But the governor's real game, Blagojevich claimed, was getting them to believe he was actually serious, which he was not (he and Jackson hated one another). "I'm so f- repugnant to them," he had said of the Democratic Beltway elite in a phone chat with an aide.
After scaring the bigshots, he testified, he would get them to convince Michael Madigan, the leader of the Illinois House and the state's most powerful politician (he and Madigan hated one another), to ram through major legislation in return for Blago selecting Madigan's daughter, the state's attorney general, to the Obama vacancy.
As part of his gambit, he even went further than most media-obsessed politicians tend to go in using the press: leaking a complete fabrication to a Chicago Sun-Times gossip columnist.
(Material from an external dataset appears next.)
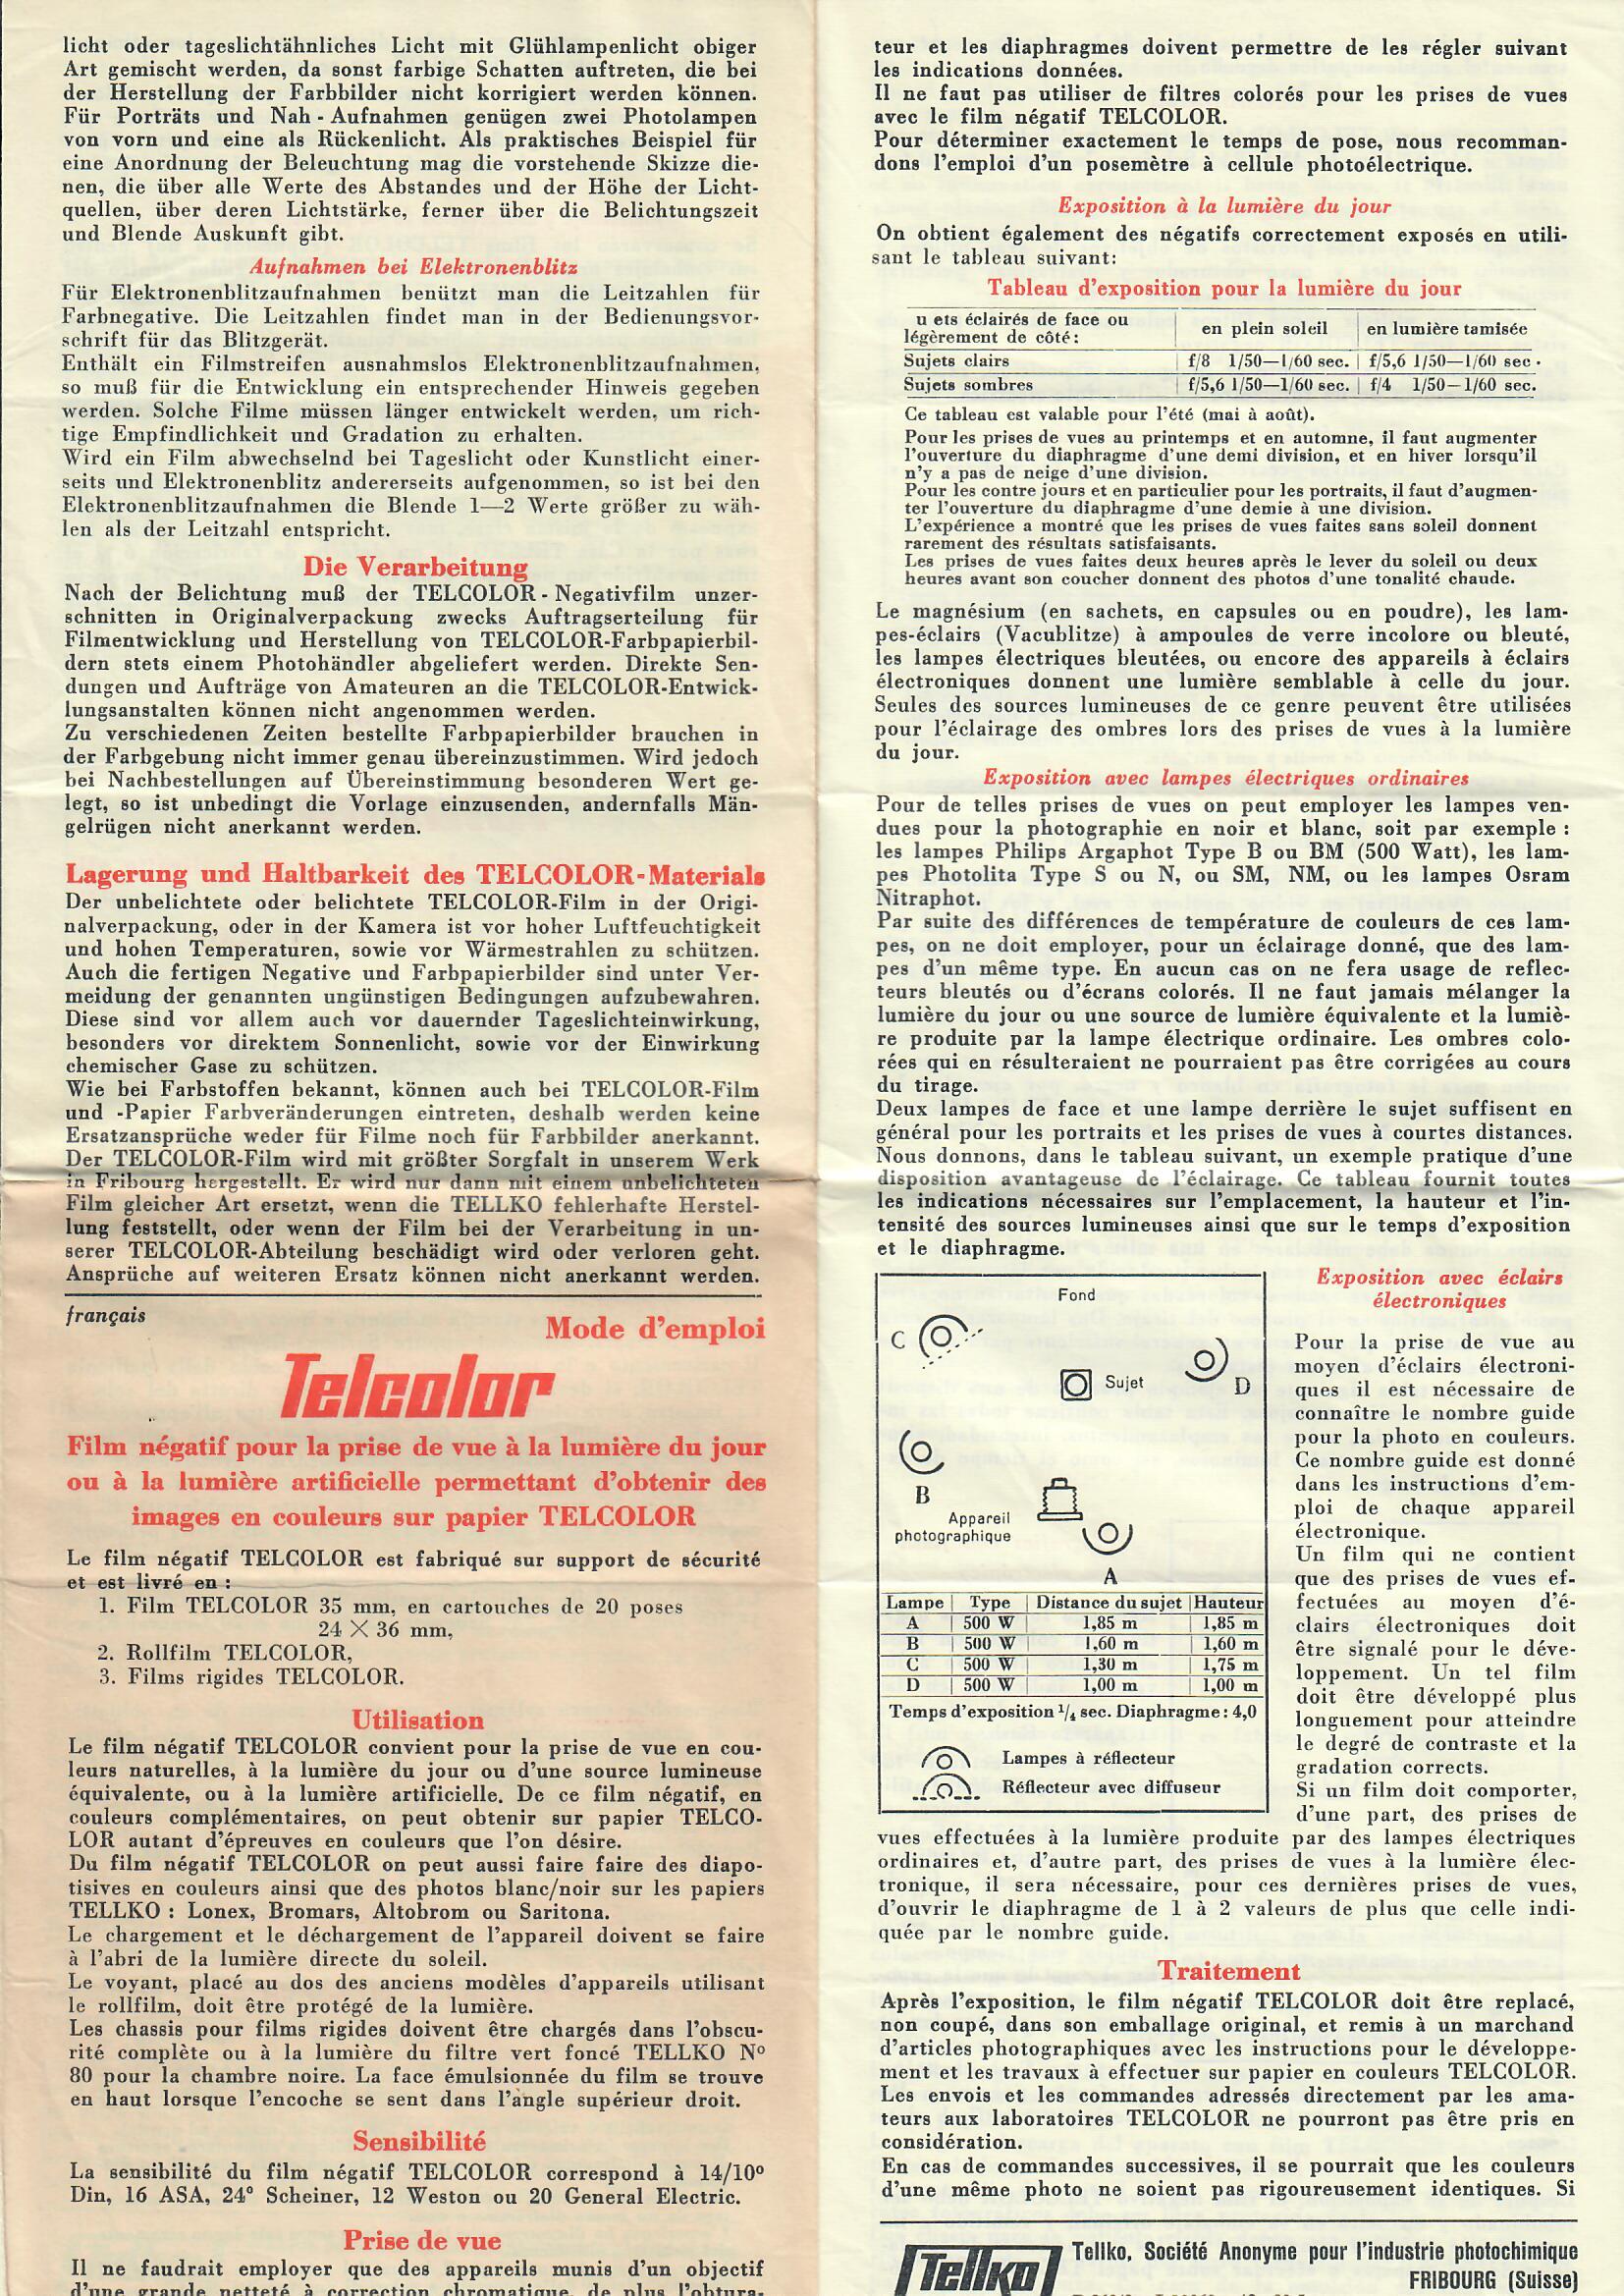 1960 - Telko - Notice - Telcolor

Under questioning Thursday, he conceded the item, about him and Jackson having met to discuss the vacancy, was a lie, or what he called a "misdirection play."
It was all a part of exercising "negative leverage" with the bogus threat of naming Jackson. He'd scare those bigshots and then get Rahm Emanuel (he and Emanuel did not hate one another), who had just been named Obama's future chief of staff, to call Madigan and cut the deal to benefit his daughter.
None of it worked and Blagojevich wound up arrested, impeached, indicted and last year convicted of one count of lying to the FBI. The retrial focuses on weightier counts of corruption after he avoided conviction on those as a result of a single doubting juror. Thursday the retrial reached a climax of sorts with the start of the government's cross-examination of Blagojevich, who did not testify in his first trial but chose to do so this time, often rambling and straining to claim benign interpretations of damning wiretaps.
Some students of government will see much of the evidence as "politics as usual" and argue that the only thing different here is that the FBI was listening. His is a world of unceasing transactions, where every deed generates one or more I.O.Us, and where legislation, memberships on state commissions, you name it, all has a de facto price tag, usually campaign contributions.
When it came to the Obama vacancy, Blago plotted various goodies he could get in return from the new administration. Perhaps a cabinet post, preferably head of Health and Human Services. Or an overseas ambassadorship. Maybe being our man at the United Nations. He spoke of Emanuel helping him set up a nonprofit on health care with a cushy $750,000 salary.
My favorite: the notion of selecting himself to be the senator and then setting up his wife to exploit her connections to him as a big-ticket Washington lobbyist.
In talking about his mulling appointing himself to Obama's senate seat, Blagojevich even said that it would have enabled him to go to Afghanistan and "hunt down" Osama bin Laden.